> EXERCISE MATERIALS:
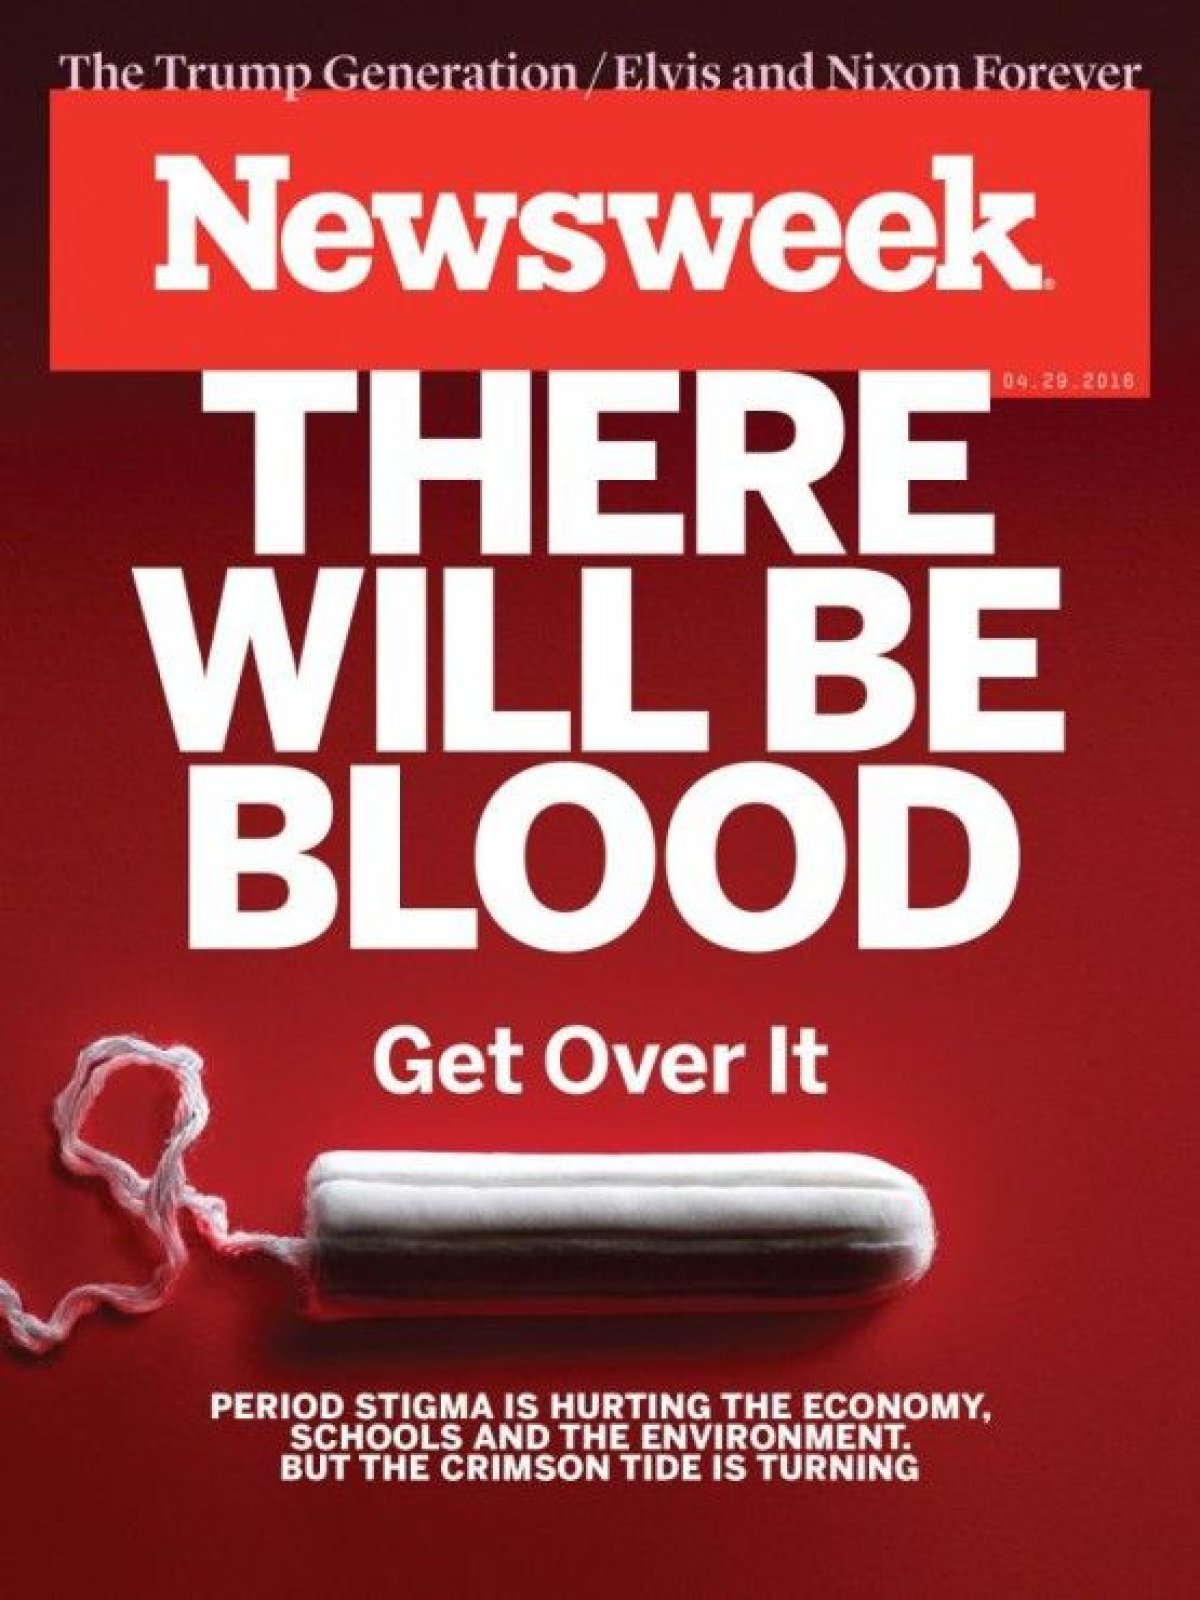 NewsweekCover_Blood-555x740
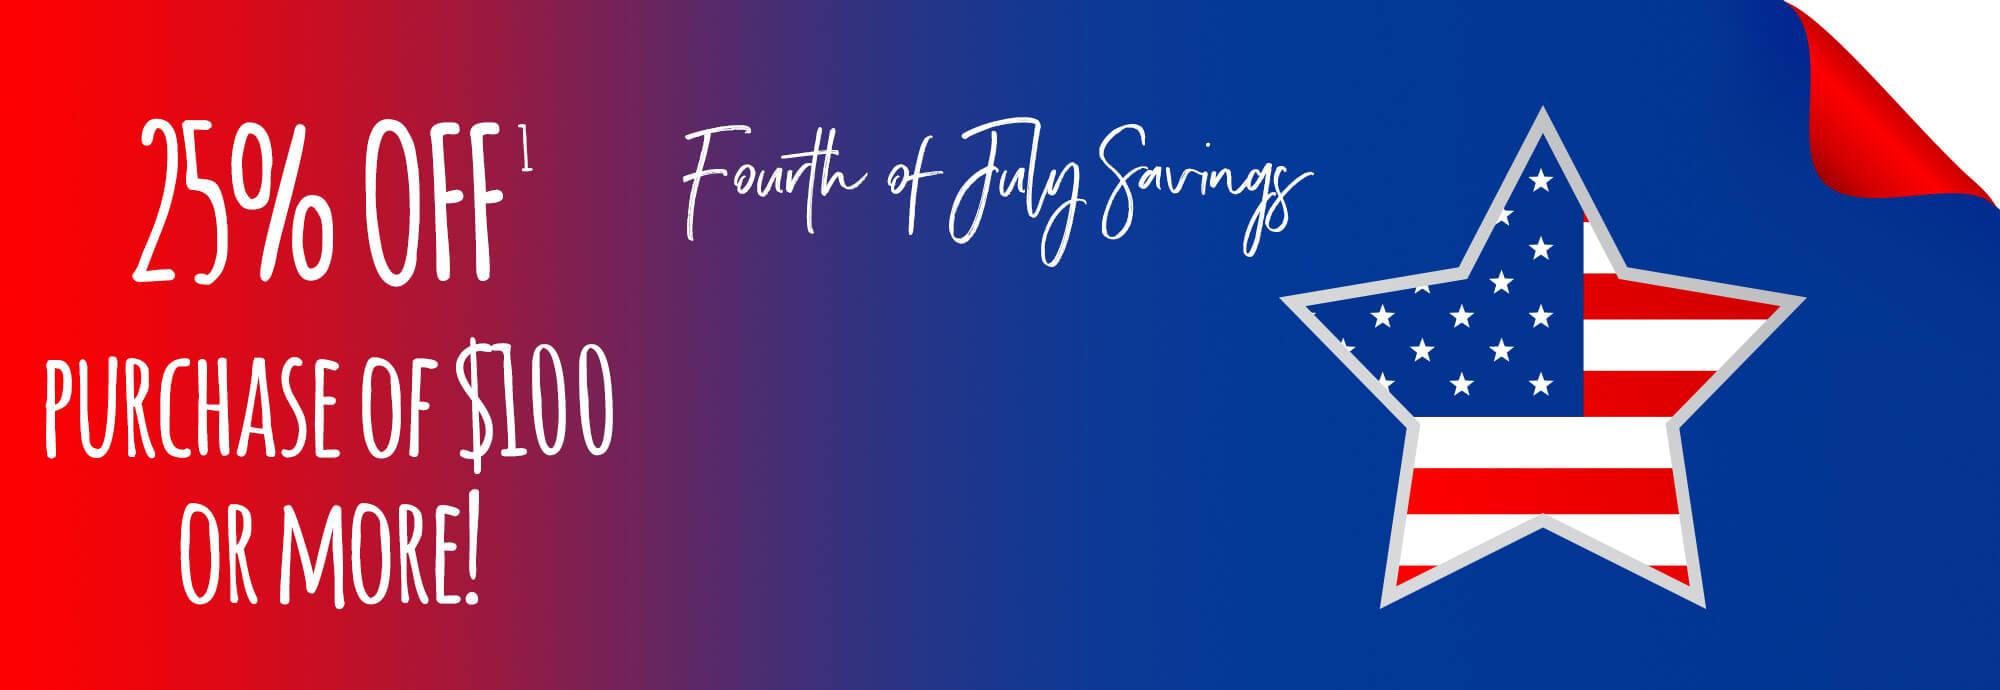 Fourth of July Savings: 25% OFF purchase of $100 or more!
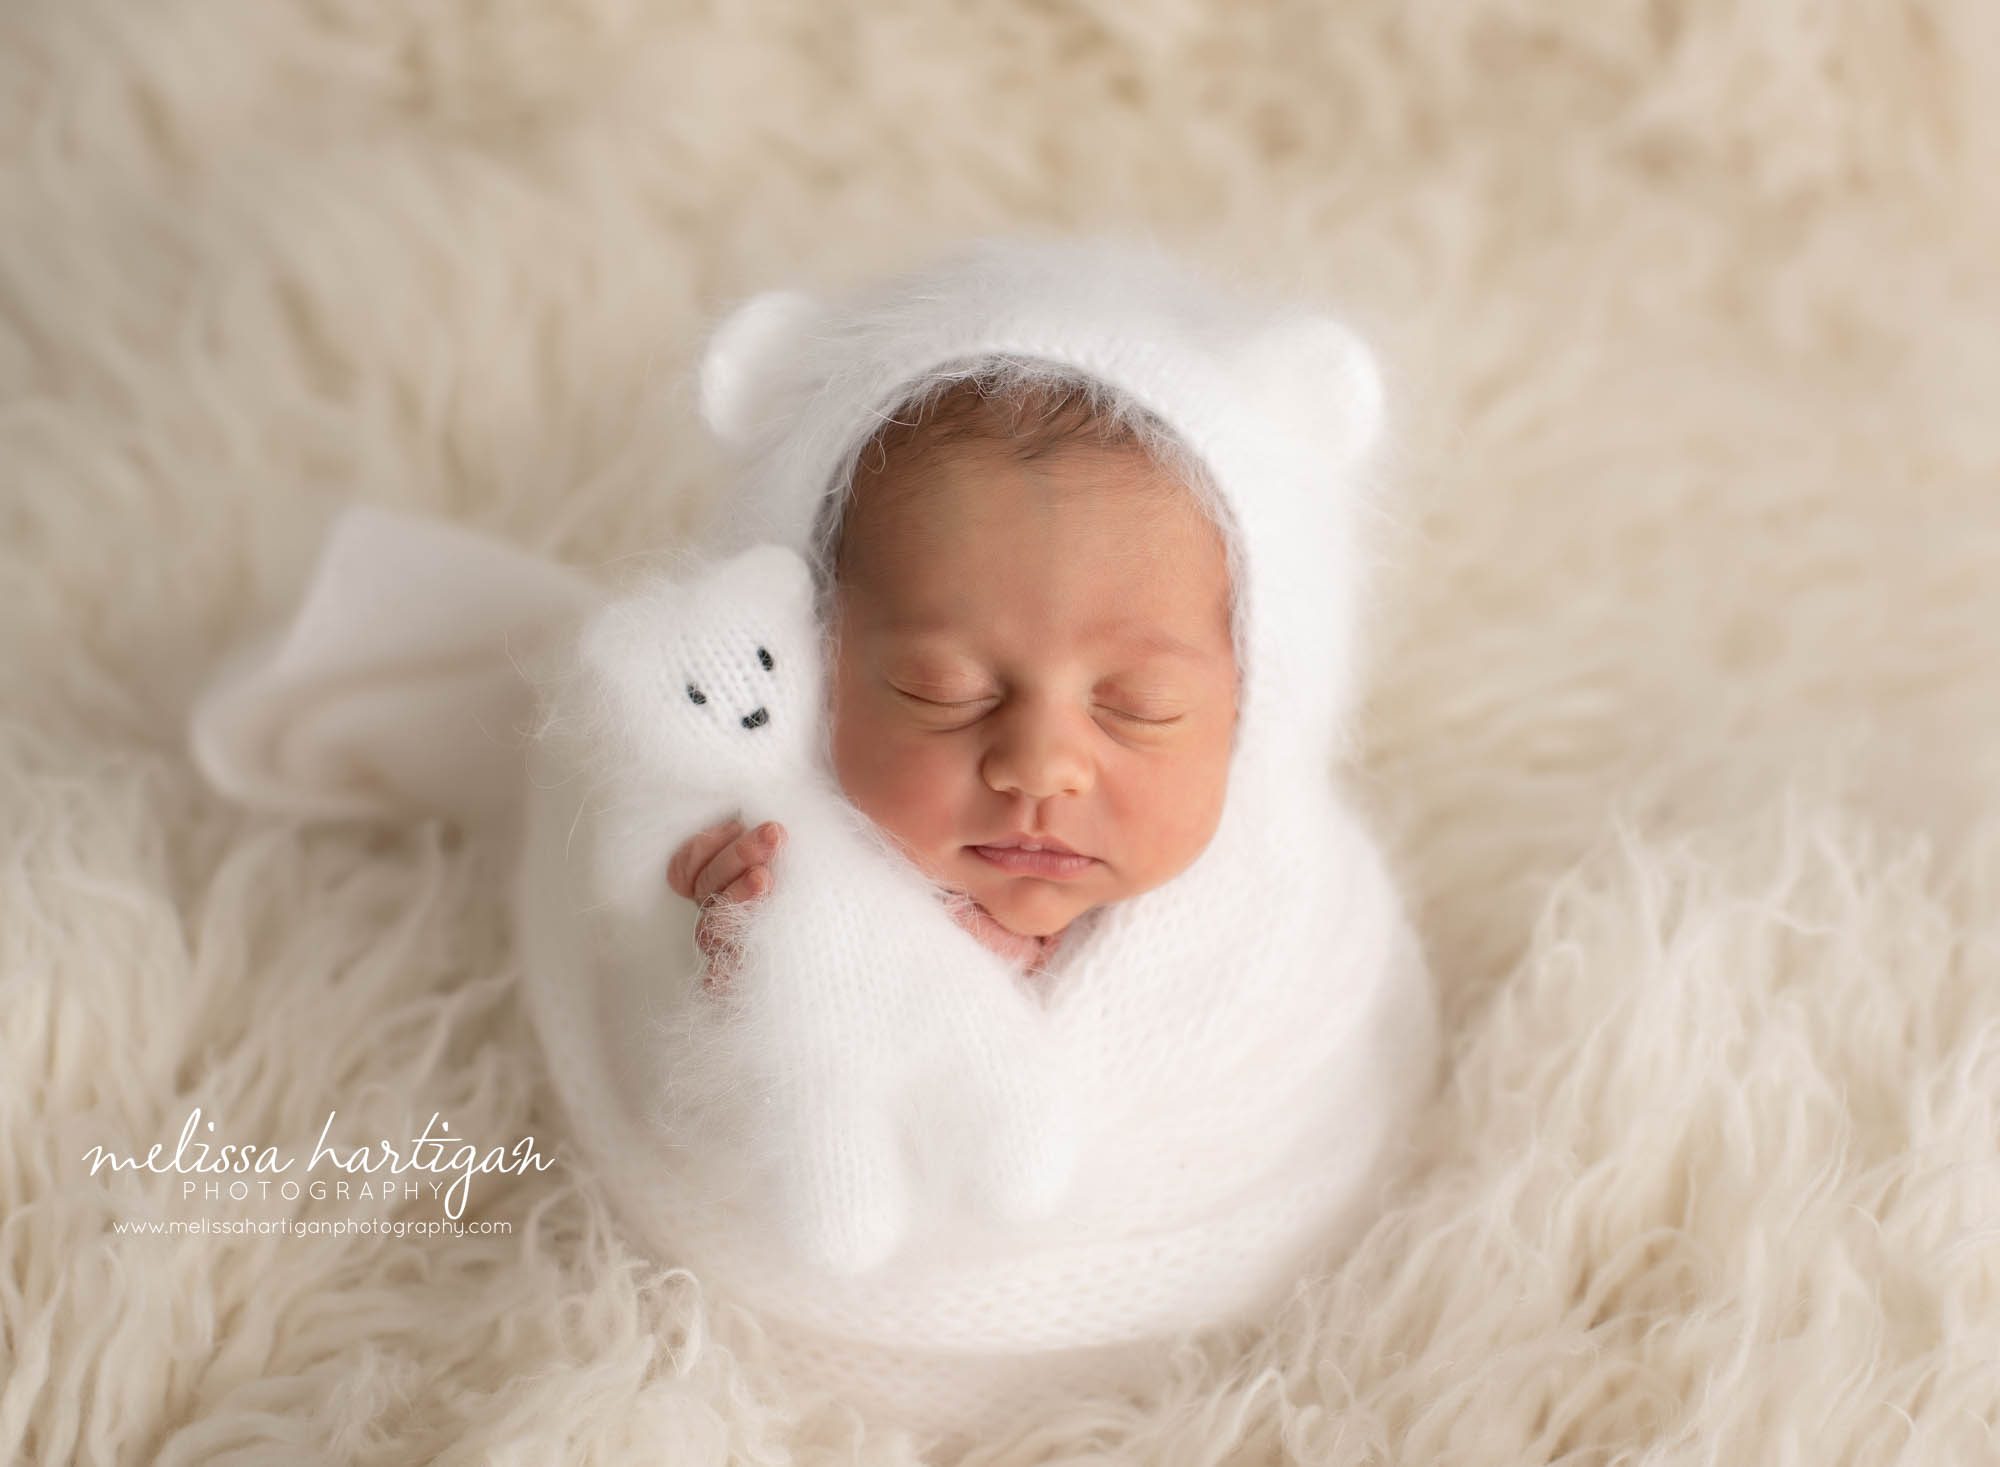 newborn baby wrapped in white wrap with matching bear bonnet holding miniature knitted teddy bear
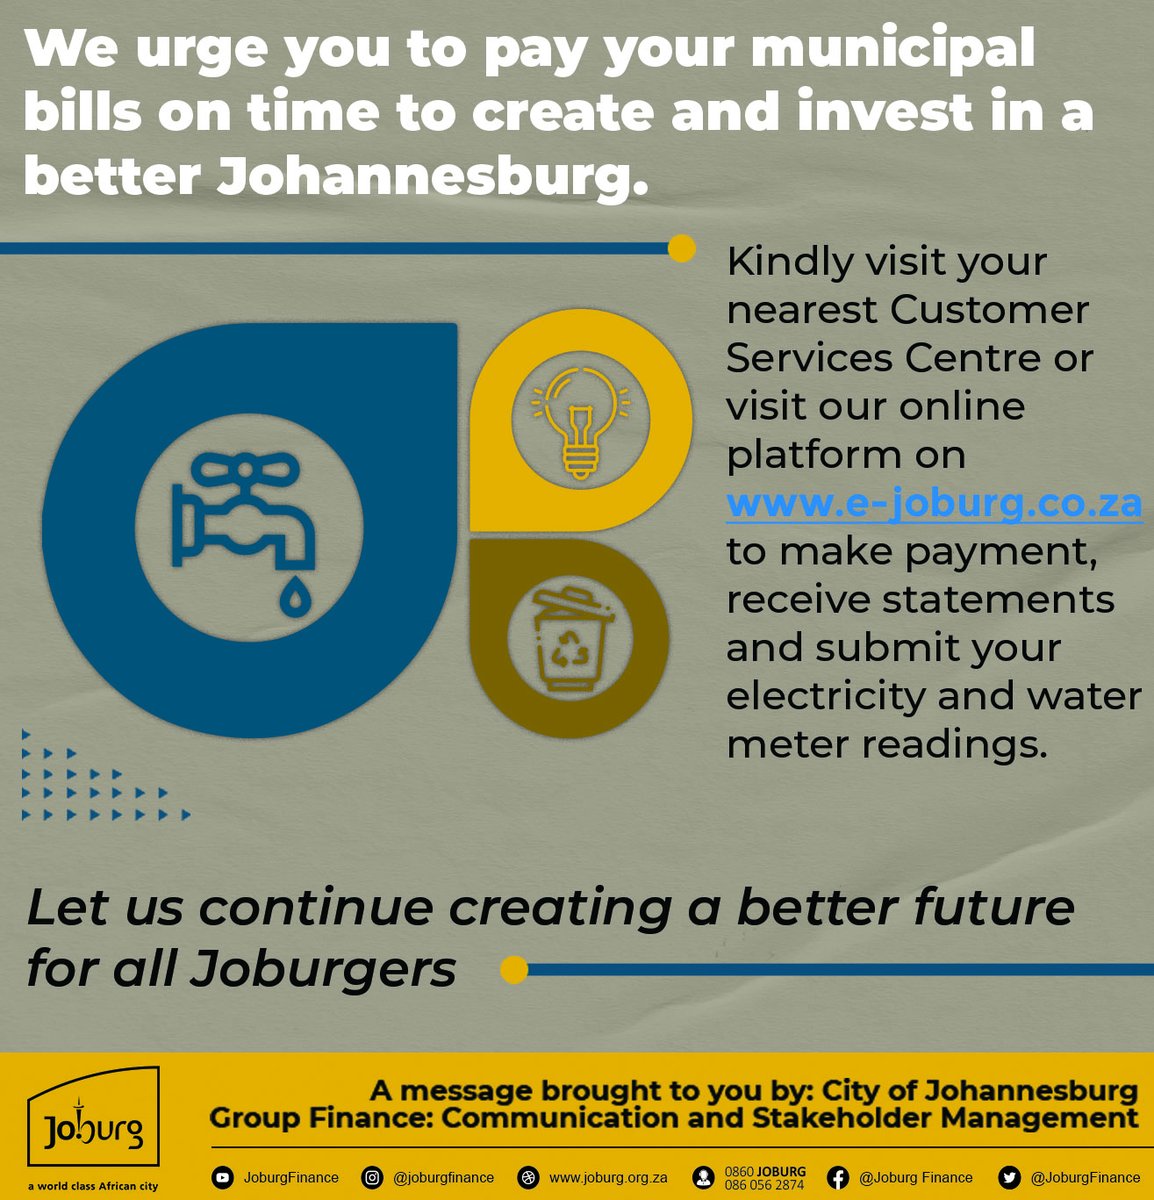 We urge you to pay your municipal bills on time to create and invest in a better Johannesburg. #JoburgCrControl #PayYourCOJBill 

Pay now online visit: e-joburg.org.za

> TASK DETAILS:
Give back exactly the lines from the line with "newborn baby wrapped" through the end of the material above, inclusive, with no pictures.

> RESULT BELOW:
 newborn baby wrapped in white wrap with matching bear bonnet holding miniature knitted teddy bear
 We urge you to pay your municipal bills on time to create and invest in a better Johannesburg. #JoburgCrControl #PayYourCOJBill 

Pay now online visit: e-joburg.org.za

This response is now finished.